Open Catalyst Project / FAIR Chemistry - IS2RE

This folder contains an example of how to finetune a machine learning potential from FAIR Chemistry to perform direct adsorption energy inference or "Initial Structure to Relaxed Energy" (IS2RE) on the provided High-Entropy Alloy dataset. Additionally, it showcases the implementation of the model in the surrogate surface simulation.

To run the contents of this folder, you should follow fairchem's installation instructions to set up a conda environment and subsequently install the fairchem-core package. Next install cheatools from the main folder.

This example uses Lightning Memory-Mapped Databases (LMDBs) as sources for the training, validation and testing of the inference model. To create these run dft2lmdbs.py which reduces the relaxed atomic structures to template structures as described in Clausen et al. J. Phys. Chem. C 2024 and save them to LMDBs.

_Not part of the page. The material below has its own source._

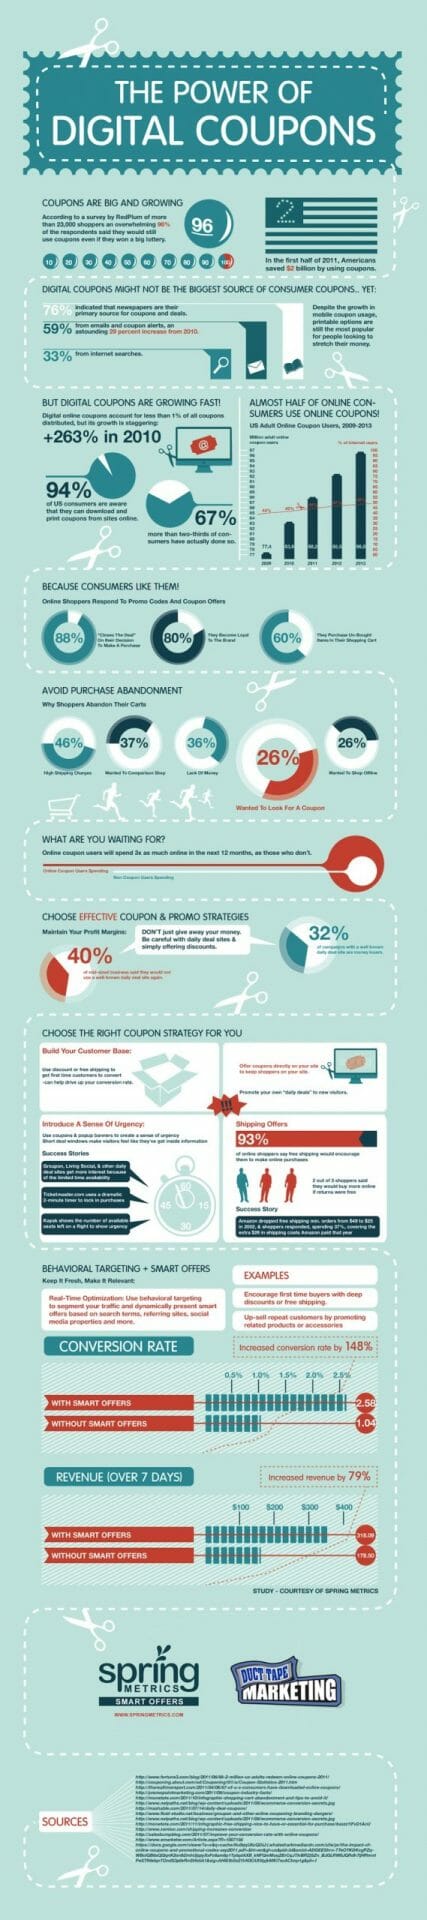 Digital Coupon Infographic

To avoid training a model from scratch we need a checkpoint file to initilize the pre-trained model. The checkpoint used in this example is the EquiformerV2-31M model trained on the OC20-dataset which can be fetched in the checkpoints folder. After fetching the checkpoint file, you have the option of setting up a wandb profile to monitor the finetuning process (see configs/equiformer_v2_N@8_L@4_M@2_31M.yml. The finetuning is initialized by running the finetune.py wrapper script.

Be mindful that this should be done on a GPU supported machine. For convenience, an already finetuned checkpoint file can also be fetched in the checkpoints folder. Run test.py to obtain a parity plot of the test results.

Finally simulate_surface.py showcases the surrogate surface simulation identical to the one found in surface_simulation but employs the finetuned EquiformerV2 model to infer the adsorption energies of the surface.